Gene Ontology (GO) enrichment analysis

A temporal phase was assigned to each orthologous group by annotating it to its most represented phase. The C. elegans Gene Ontology annotation was used on the C. elegans orthologues. Enrichment was computed using the hypergeometric distribution. In order to avoid retrieving enrichments due to the same set of genes we carried out serial enrichments as follows. The most enriched gene ontology group was noted, its genes removed from the set, and enrichment search was repeated to detect additional Gene Ontology terms. For the signalling pathways shown in Fig. 4b, the following gene ontology terms were used: ‘Wnt signalling pathway’, ‘Notch signalling pathway’, ‘hedgehog receptor activity’, ‘epidermal growth factor receptor signalling pathway’, ‘transforming growth factor beta receptor signalling pathway’, ‘MAPK cascade’, ‘G-protein coupled receptor activity’. For this analysis, we searched for enrichment up to three windows before and after the inferred transition, and kept the most significant P value for each pathway (hypergeometric distribution).

PFAM signatures

For each of 5,745 PFAMs, we computed an enrichment profile throughout time, and for each species, as follows. For each of the twenty expression windows of the matrix of standardized log10 expression values of the dynamic genes, we marked genes with expression above 0.5 as expressed. We then calculated the fraction of the genes within this set that contain genes annotated to the PFAM domain. A temporal phase was annotated using supervised clustering using the same approach shown in Extended Data Fig. 5. For the transcription factor families shown in Fig. 4d the following PFAMs were used: ‘Homeobox domain’, ‘GATA zinc finger’, ‘Ligand-binding domain of nuclear hormone receptor’, ‘Helix–loop–helix DNA-binding domain’, ‘bZIP transcription factor’, ‘Zinc finger, C4 type (two domains)’, ‘Zinc finger, C2H2 type’, and ‘T-box’. For this analysis, we searched for enrichment up to three windows before and after the inferred transition, and kept the most significant P value for each TF family (hypergeometric distribution).

Extended Data

Extended Data Figure 1. A schematic for the de novo transcriptome analysis.

Extended Data Figure 1

See also the Methods section. CEL-Seq reads were mapped to the published transcriptomes where available.

Extended Data Figure 2. Gene expression time-courses for ten species.

Extended Data Figure 2

a, BLIND analysis on the reported time-courses. The colour indicates the ordering. The species is indicated for each plot. b, The number of dynamically expressed genes for each species. The species are shown in the same order as in the main figures. Constitutively high (low) expression is defined as that where the maximum expression is more (less) than the 10 transcripts per million threshold yet is not dynamic (two-fold change and at least 10 transcripts per million maximum expression).

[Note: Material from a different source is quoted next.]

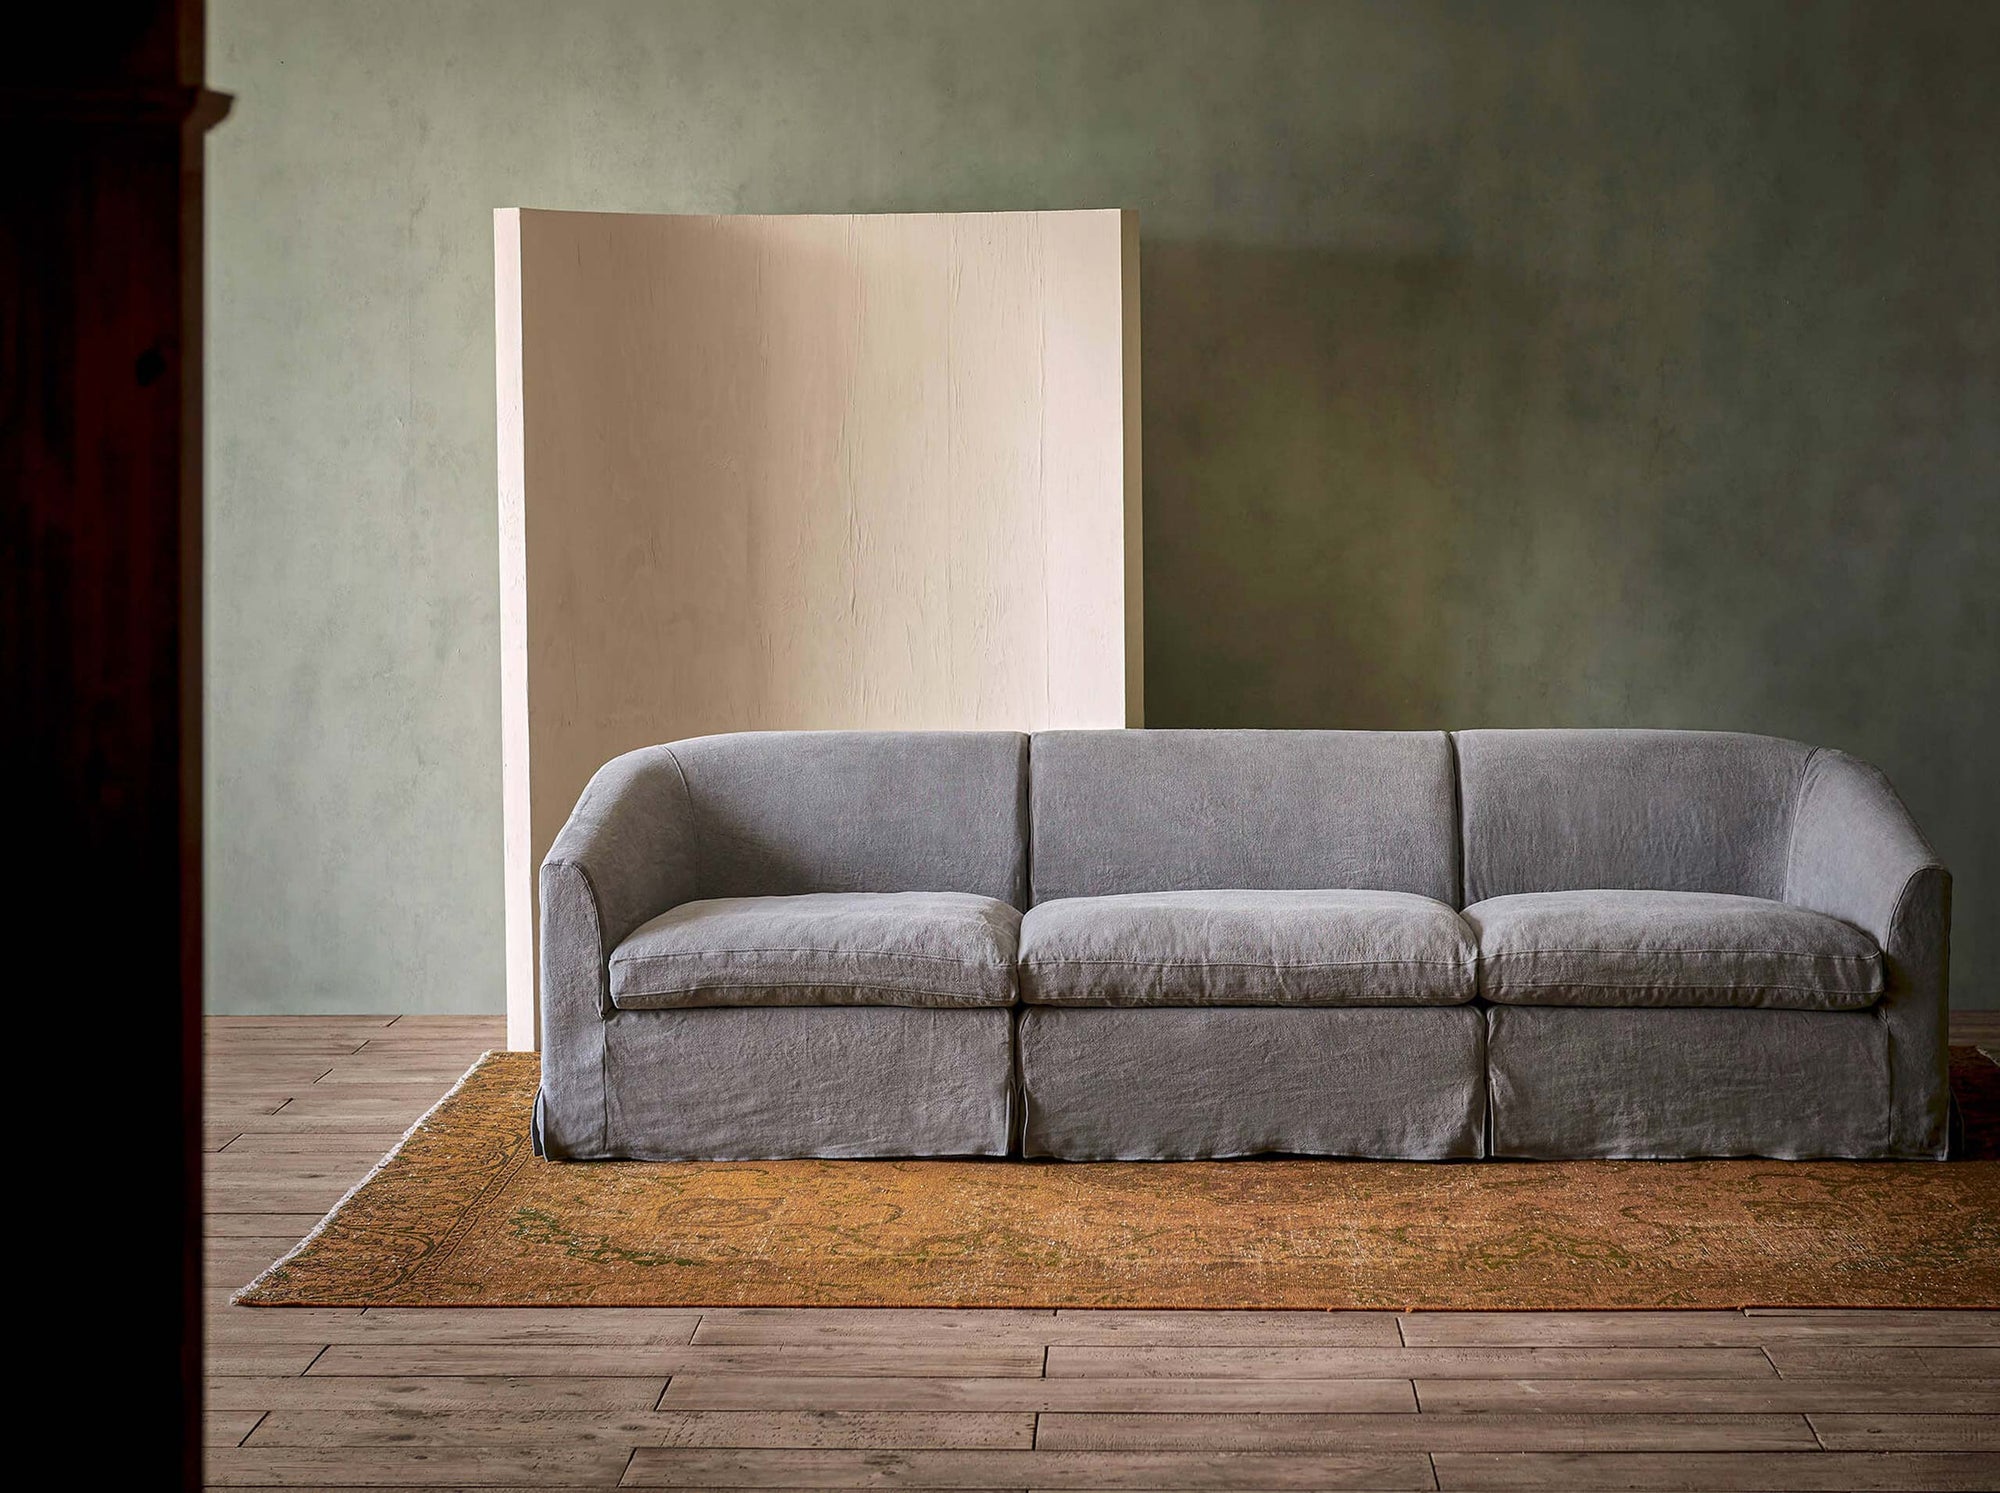 Ziki Sectional Sofa in Ink Cap, a medium cool grey Light Weight Linen, placed in a room with a console table

Extended Data Figure 3. Testing the significance of the transition in the orthologue correlation matrices shown in Fig. 3.

Extended Data Figure 3

a, Schematic indicating the mid-developmental transition (orange), correlations among windows of the same phase (green), and correlations among windows of different phases (grey). b, The orange squares indicate statistical tests examined in c. c, For each pair of species a series of Kolmogorov–Smirnov tests are shown. Each test compares the intra-phase to the inter-phase correlations (a) for the mid-developmental transition and three windows before and after it (b). The yellow boxes indicate those species comparisons where there is significant statistical evidence for the dual-phase pattern (higher significance for the middle tests).

Extended Data Figure 4. Robustness of Fig. 3 analysis.

Extended Data Figure 4

a, The analysis was repeated using the indicated number of sliding windows. b, The analysis was repeated by randomly removing embryo transcriptomes. From each of the ten data sets, we removed 10%, 20% or 30% of the embryos and repeated the analysis using 20 windows. We repeated this five times and then re-identified the mid-developmental transition. The plot indicates the median and standard deviation of the detected mid-developmental transition windows across these trials. In all species, the median is identical to the mid-developmental transition identified by the complete data set. c, d, Same as Fig. 3, using all detected orthologues for the pairwise comparisons (not limited to 1,500 as in Fig. 3, the number of examined orthologues are indicated above each plot) (c), and a set of 407 orthologues (d) across all taxa.

Extended Data Figure 5. Gene enrichment analysis.

Extended Data Figure 5

a, A landscape showing for each gene (circle) the correlation with an idealized ‘late module profile’ (x axis) and with a ‘transition profile’ (y axis). The idealized profiles used to compute correlations are shown in the insets. Spots correspond to C. elegans genes. They are coloured according to the assigned sets: early module (blue), mid-developmental transition (red), and late module (yellow). b, Gene Ontology (GO) enrichment for the early phase, transition, and late phase gene sets. The gene sets were defined by integrating expression from all ten species. ‘RNA polymerase II...’ is short for ‘RNA polymerase II core promoter sequence-specific DNA binding transcription factor activity involved in preinitiation complex assembly’. The legend indicates the assigned sets: early phase (blue), mid-developmental transition (red), and late phases (yellow). The profiles are of length seven since we examined three windows before and after the mid-developmental transition.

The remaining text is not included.